Tags
Aggregation, Bayesian, easy, Forecasting, hard, marketing, Questions, Research, Uncategorized
So far, this blog has discussed a fair number of political applications and even some sports-betting, but today I wanted to briefly bring a business-world application of Bayesian math to the attention of our readers. This short presentation from Math Marketer illustrates a fundamental use for Bayesian logic in identifying which customers are likely to upgrade from a free service as opposed to deadweight ‘freeloading’ customers. The simple power of a few questions…
The example used in the presentation is easy to understand, so I’ll repeat it here. In it, the author likens identifying that ideal market segment to guessing which value of card someone drew from a deck.
In the example, your ‘opponent’ starts the game by drawing a jack from a deck of cards, without showing you the card. You start with a base chance of 4/52, or 1/13, to guess right. Now, suppose you can ask a question or two before trying to guess what card it is.
Some questions are useless for furthering understanding of a certain topic:
“Is it a red card?”
Yes: Still 2/26 = 1/13 odds of guessing the right card
No: Still 2/26 = 1/13 odds of guessing the right
Some questions, however, can drastically shift the odds in your favor:
“Is it a face card?”
Yes: 1/3 odds of being right now, armed with this new information
No: 1/10 odds of being right now, but maybe your next question will narrow it down for you. Perhaps you’ll ask if it’s even or odd, cutting the range in half.
It’s a rough correlation, but the author argues you can use Bayesian modeling/regression to identify those ‘dud’ customers versus the ones who want to throw their money at you for your fine product. Asking the right question lets you focus future efforts more effectively, getting more for your money for less total effort.
This raises an interesting point, then – how do you know if you’re asking the right question? What makes a question “the right question”? It’s often very easy to know after the fact, but knowing ahead of time is much more valuable in most settings – on prediction markets, in the business world, etc. Few settings are as predictable, and few sets are as predetermined as a deck of cards.
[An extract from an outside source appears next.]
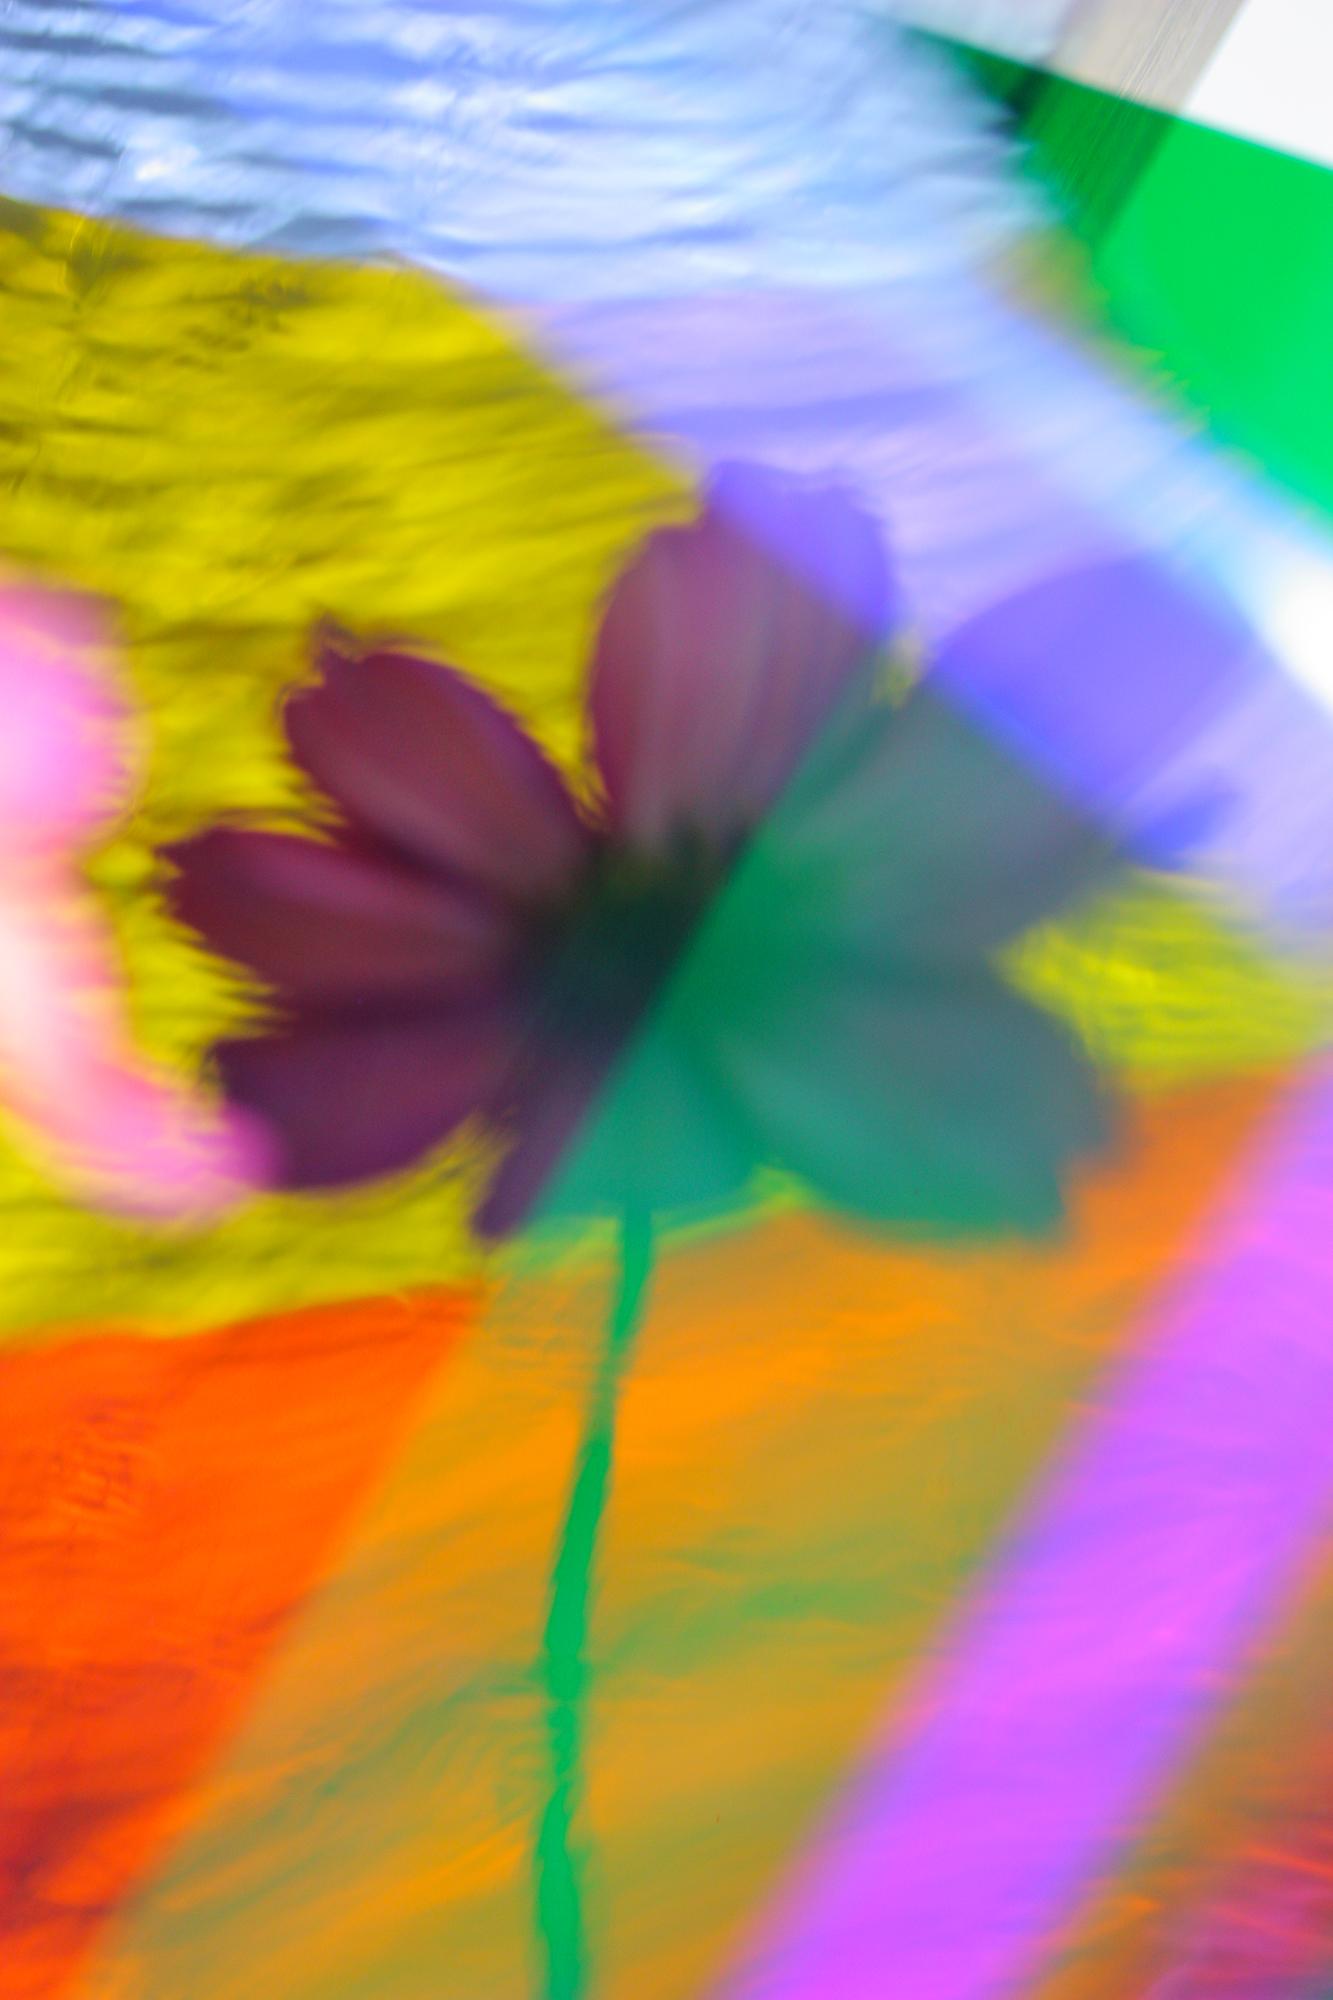 © David Garland | Refracted Flowers

When you don’t know all the rules of the set, things get a lot murkier, quickly.
Commenters, what are your thoughts – what indicators do you look for in a real-world question (such as the ones many of you are estimating about on our prediction market) to immediately identify the value or usefulness of that question? By the same token, what makes a question a “bad” question in your eyes?
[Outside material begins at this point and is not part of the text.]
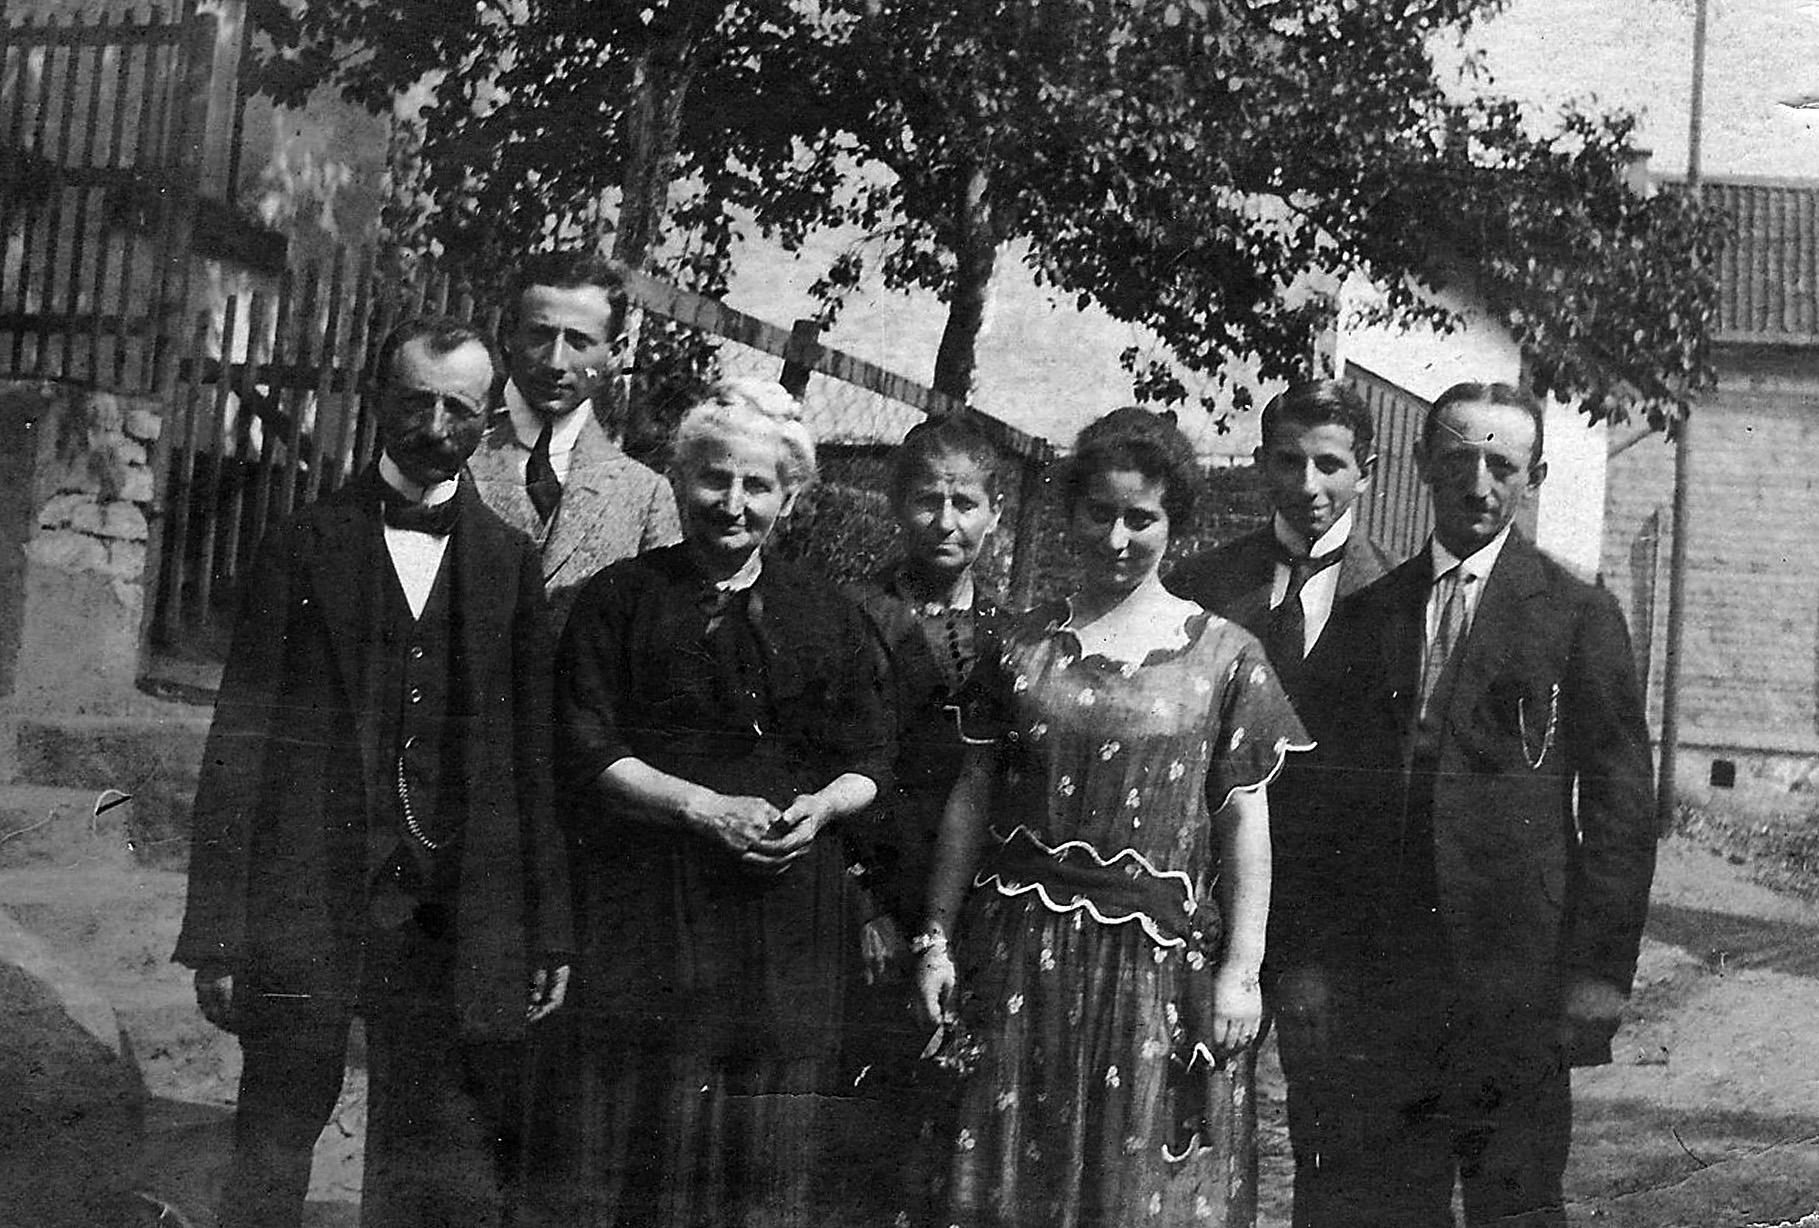 Familie Tobias, Hamm/Sieg

“By the same token, what makes a question a “bad” question in your eyes?”
The worst questions are those with ambiguity. If the answerer doesn’t know if it was a yes/no question or a multiple choice question, for example, they’re likely to get lost in figuring out how to answer rather than considering the actual question at hand. For example, some questions posted on the exchange were of the form: “Will X country receive a score of ___, ___, or ___ on the ….?” When presented with questions like this, I ended up spending more of my time trying to figure out how the question wanted me to answer. Was I supposed to increase the % if I thought it would be one of the two positive responses? Or if I thought it would be one of the three choices. Sometimes a question like this could be even more complicated.
The best questions in a more general setting seem to require some experimentation. By asking some small number of people questions to evaluate which give the best responses, a general idea of those question that are most effective can be found. It’s too difficult to just blindly find a “best” question without some investigation.
Yes, we got surprised by some multiple choice questions before we had finished the web interface, and hacked them (badly) so we could return some answer to the sponsor. We should be good now.
But if you see an unanswerable question, please flag it here or on the HelpDesk.
A good question for me is one that concerns an event that will have a significant material impact, of which knowing the likelihood will allow a person/business/government to prepare a contingency plan.